The big D word that scares most first-time* expectant mothers – Delivery.
You’ve carried that growing bundle of cells inside you for the whole nine months, suffered the accompanying aches, pains and nausea, waddled up and down the buses and trains, and sacrificed your skyscraper heels for comfy flats, all for this day, this moment. The arrival of your bundle of joy into this world.
There can be no way of knowing with certainty the date your child will be born, even with all the technology, ultrasound scans and those dreaded vaginal examinations. Sure, your gynae will do her utmost best to predict a date, but it’s really only all systems go when baby decides it’s showtime!
Still, that doesn’t mean you can’t prepare for it as much as possible. After all, as a wise saying goes: “Planning is the key to success” – and we couldn’t agree more. While plans may change, and unforeseen circumstances can crop up, it’s good to have handles on what to expect. It’s also helpful to think through your options now, when you’re calm and composed, not when you’re screaming bloody murder or slumped in a sedated stupor.
Besides, as much as it might sound impossible right now, firming up some of your decisions now will free you up to enjoy the whole delivery process. Sure, there will be pain, and difficult moments to endure. But still, this is about that moment, your unique experience of bringing your precious baby into the world, and you want to be able to be fully present and lucid to remember the once-in-a-lifetime event.
We give you some points to ponder as you await that special day.
1. Draft a Birth Plan
There are so many decisions involved in the delivery process, and a birth plan is a great way to help you track with you and your partner’s preferences, share that information with your gynae, and keep everyone accountable to it. Still, do remember that this is better conceived of as a wish list, as it’s almost inevitable that your ideal scenario rarely pans out perfectly.
What it provides is a written note of understanding between you and your gynae/hospital, about the kind of birth experience you hope to have. The typical birth plan includes basic details like when to check into hospital, what kind of pain relief you may take, delivery positions, consent for an episiotomy, the presence of significant others during labour, immediate breastfeeding for your newborn, having your spouse cut the umbilical cord and cord blood banking.
A well-thought through plan can help you enjoy a better birth experience, as well as minimize unrealistic expectations, conflict and miscommunication between all parties involved in the delivery process, and even post-partum.
2. Pack your bags
Don’t leave this till the last minute. Get your hospital bags for delivery packed by the time you hit 36 weeks, because you don’t want to be caught unprepared if baby decides to make an early appearance!
Remember that it’s not just about bringing the clothes and toiletries you need. You’ll also want to pack things like your iPod or a magazine in case labour takes a while.
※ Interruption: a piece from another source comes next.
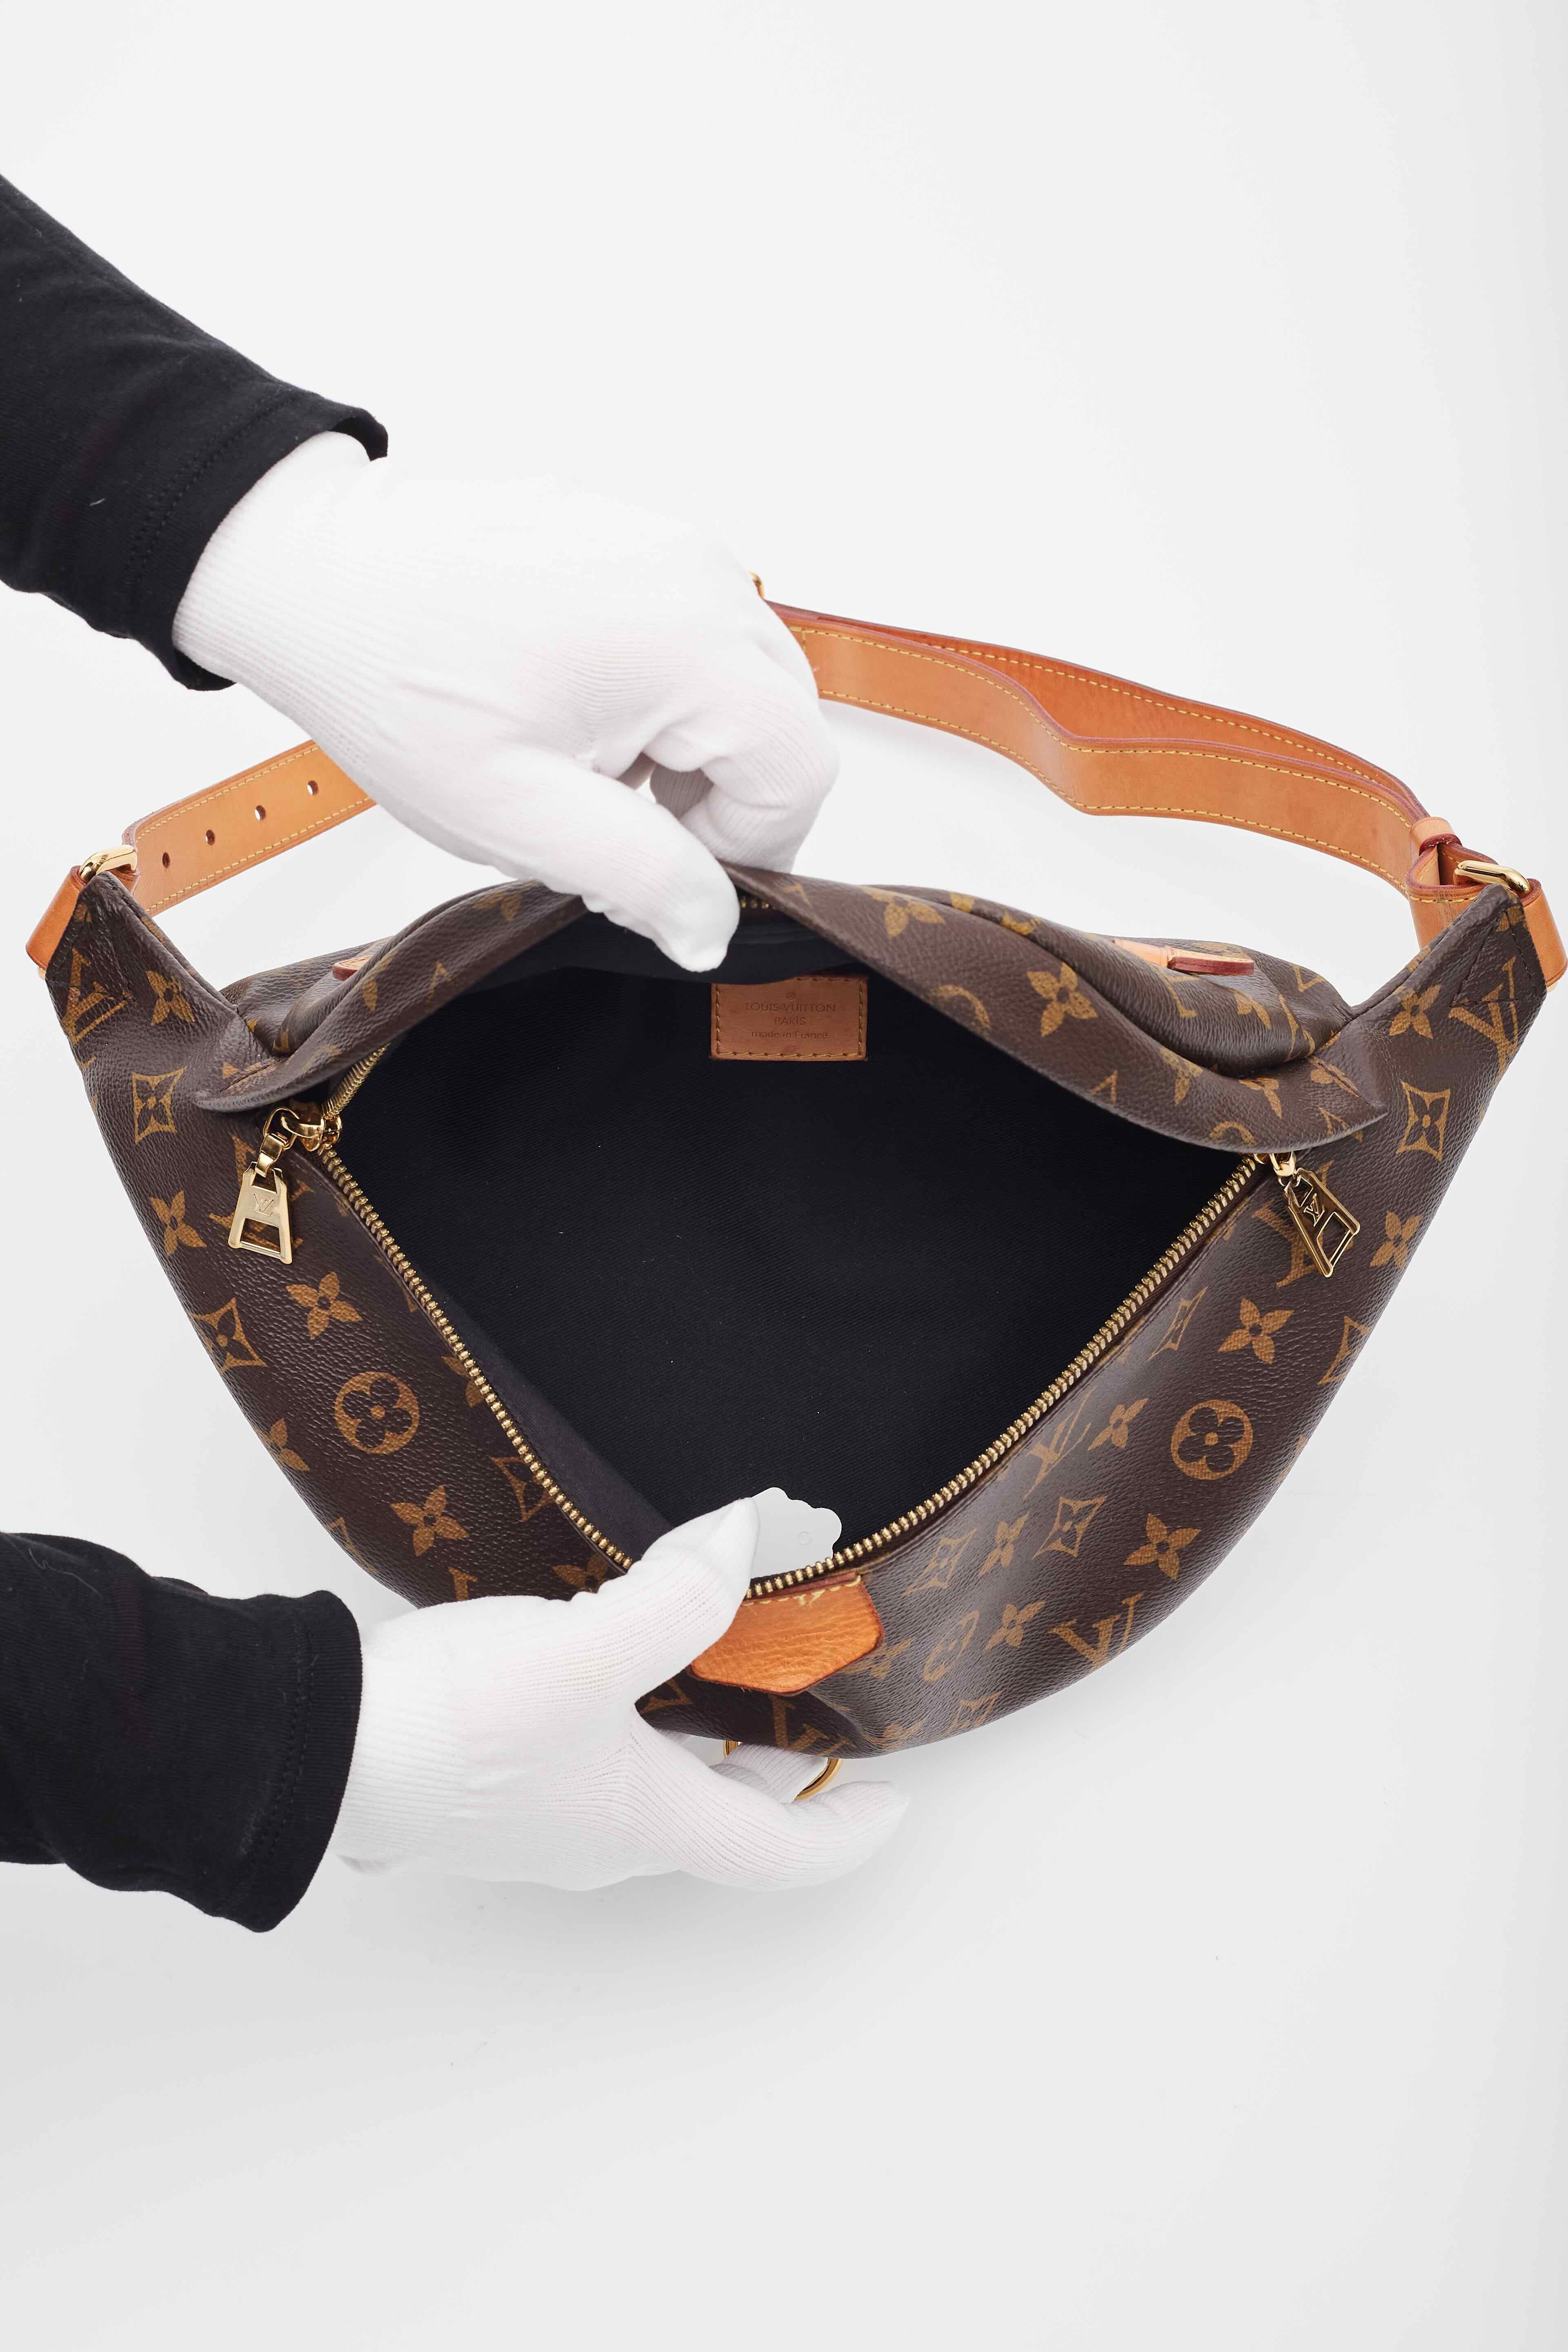 Louis Vuitton Monogram Canvas Bum Bag 2018 For Sale 2

And don’t forget to include hubby’s toiletries and clothes, if he is planning to stay in with you.
If you already have a child or two, make arrangements for their care during your time in the hospital, eg. with your parents or in-laws, and remember to pack a bag for them as well.
3. Create a check list
Pregnancy is known to make the sharpest of us a bit fuzzy on details. Blame it on the hormones! Creating a list (or more) will help you get a grip on reality and give you peace of mind as you dutifully check things off.
You can list out things around the house that need to be locked up or switched off before you run off to the hospital. You can list the items you intend to pack into your hospital bags, including the documents needed for checking into the hospital and registering the baby’s name once he arrives. You can make a list for your hubby about things he needs to look into once baby arrives, eg. call the grandparents, inform the confinement nanny, put clean bedsheets in the cot etc.
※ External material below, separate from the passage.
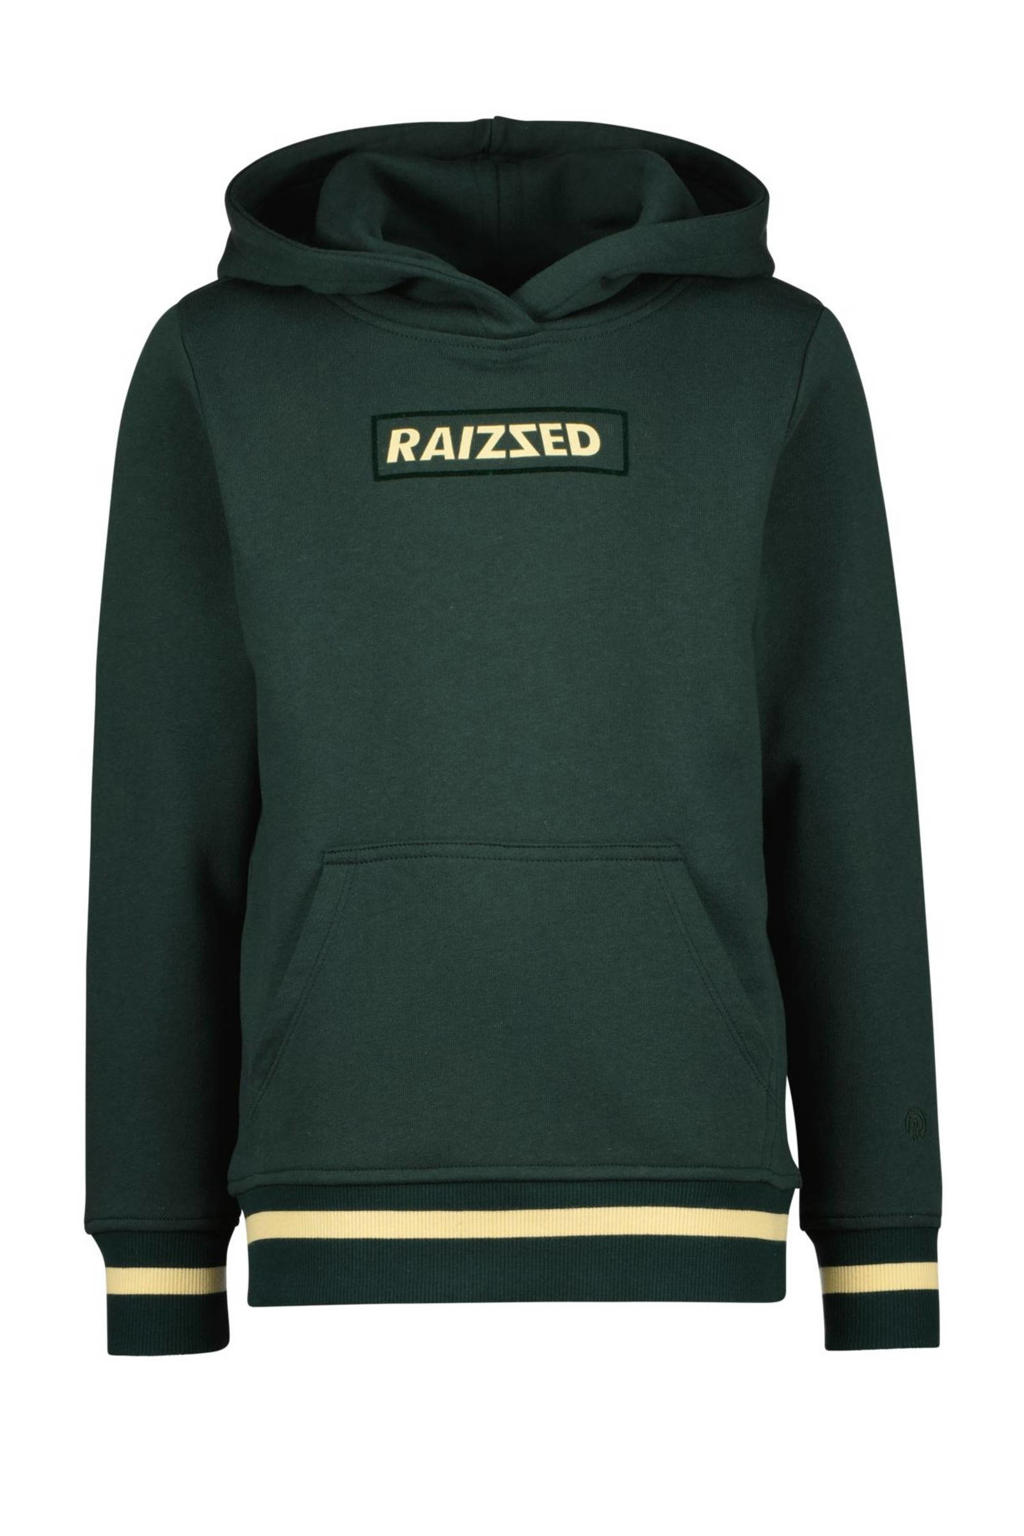 Raizzed hoodie Westend met logo donkergroen

4. Decide how you want to document the experience
Some parents start Instagramming every moment – from the first grimace of pain, to the first wail of their newborn – while others choose to keep all forms of social media at bay until baby is safely ensconced in the nursery. There’s no right or wrong, but it would be wise to discuss matters with your husband and inform loved ones and friends beforehand so that no one infringes on your privacy unknowingly.
And should you want to capture photos or videos of the little one’s birth, be sure to check with your hospital if cameras are allowed in the delivery suite, as not all hospitals are okay with that. You can even pack a small notebook and pen in your bag and journal snippets of your thoughts and feelings throughout your time in the hospital, from the moment your waters burst, to how you felt after that first breastfeeding experience – a precious momento for years to come.
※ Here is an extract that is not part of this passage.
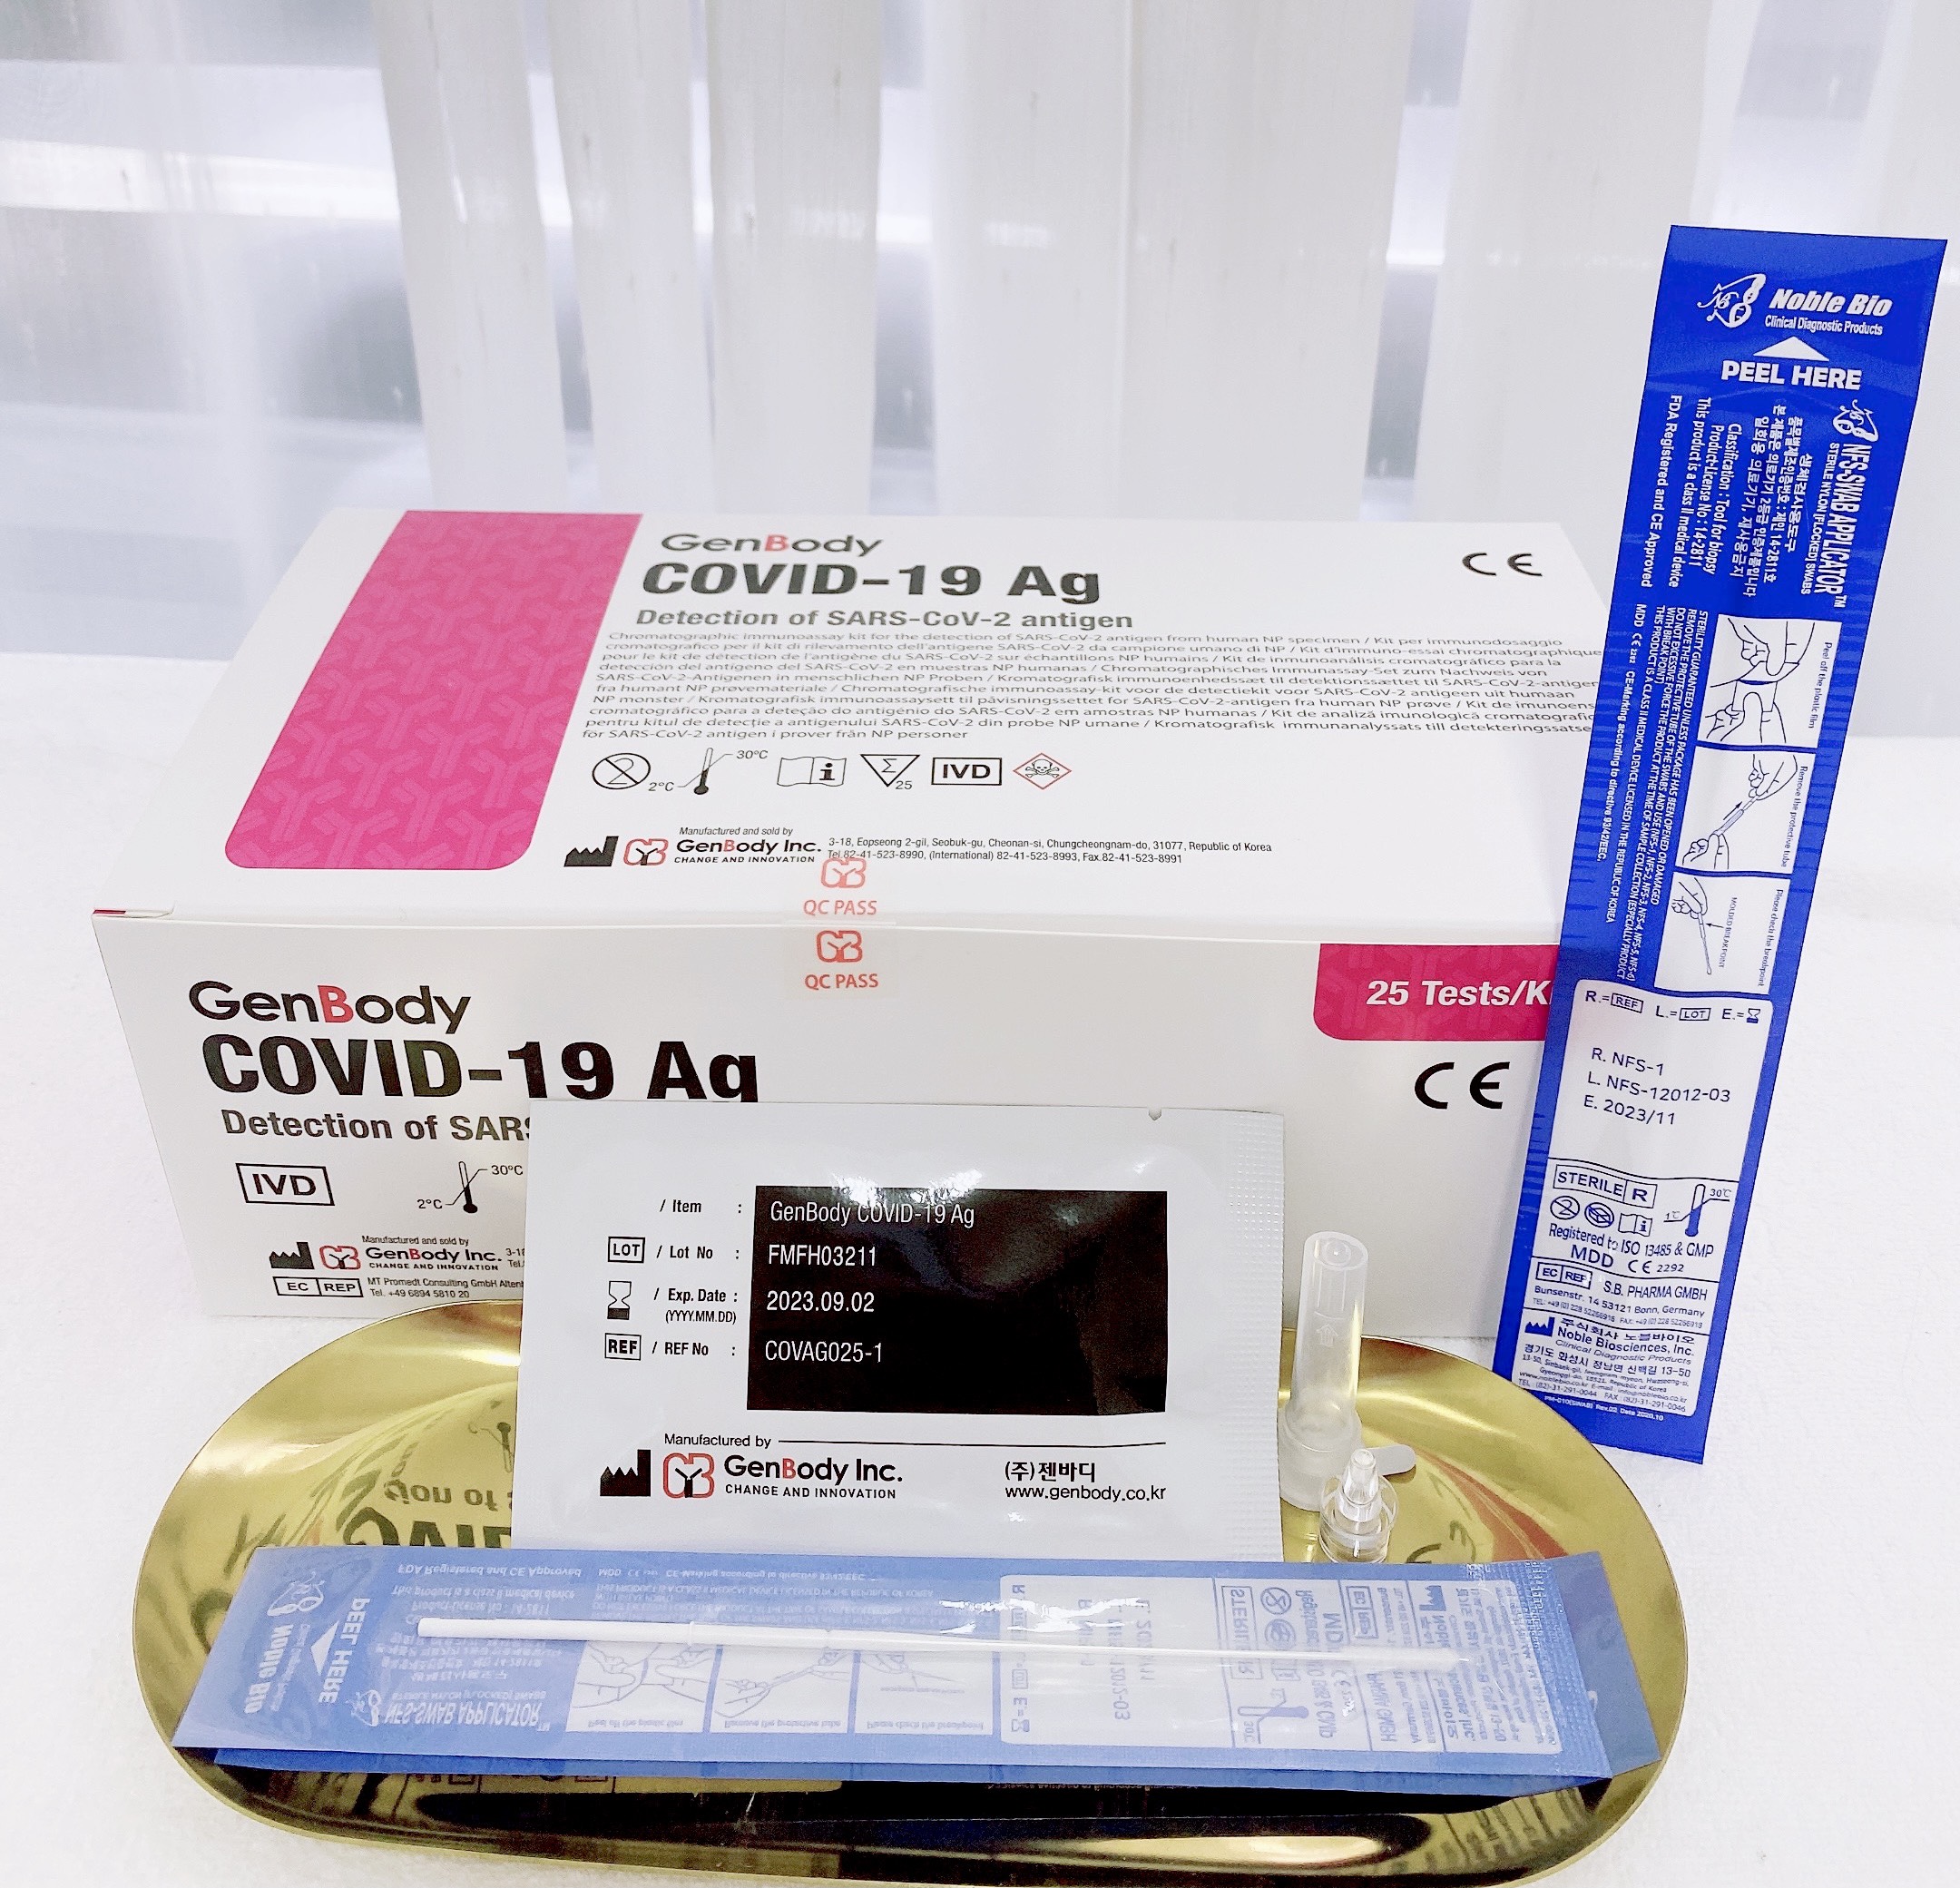 Kit test GenBody COVID-19 Ag - Hàn Quốc (combo 3 bộ kit)

Now that you’ve done all of the above, it’s time to let go. What?!
Yes, you heard us right. Plans are important and needful, but so are flexibility and a clear mind. And you can’t have either if you’re clinging on to your plans and refusing to consider your current options. As much as your plans can and should make the journey that much more predictable, life rarely happens just the way we planned it. Decide now that you will be okay if plans have to change – in the end, all that really matters is that your little one is born safe and sound.
* Not that second or third timers don’t feel nervous about it; they just have a better sense of what to expect and have too much mental energy depleted caring for their young one(s)!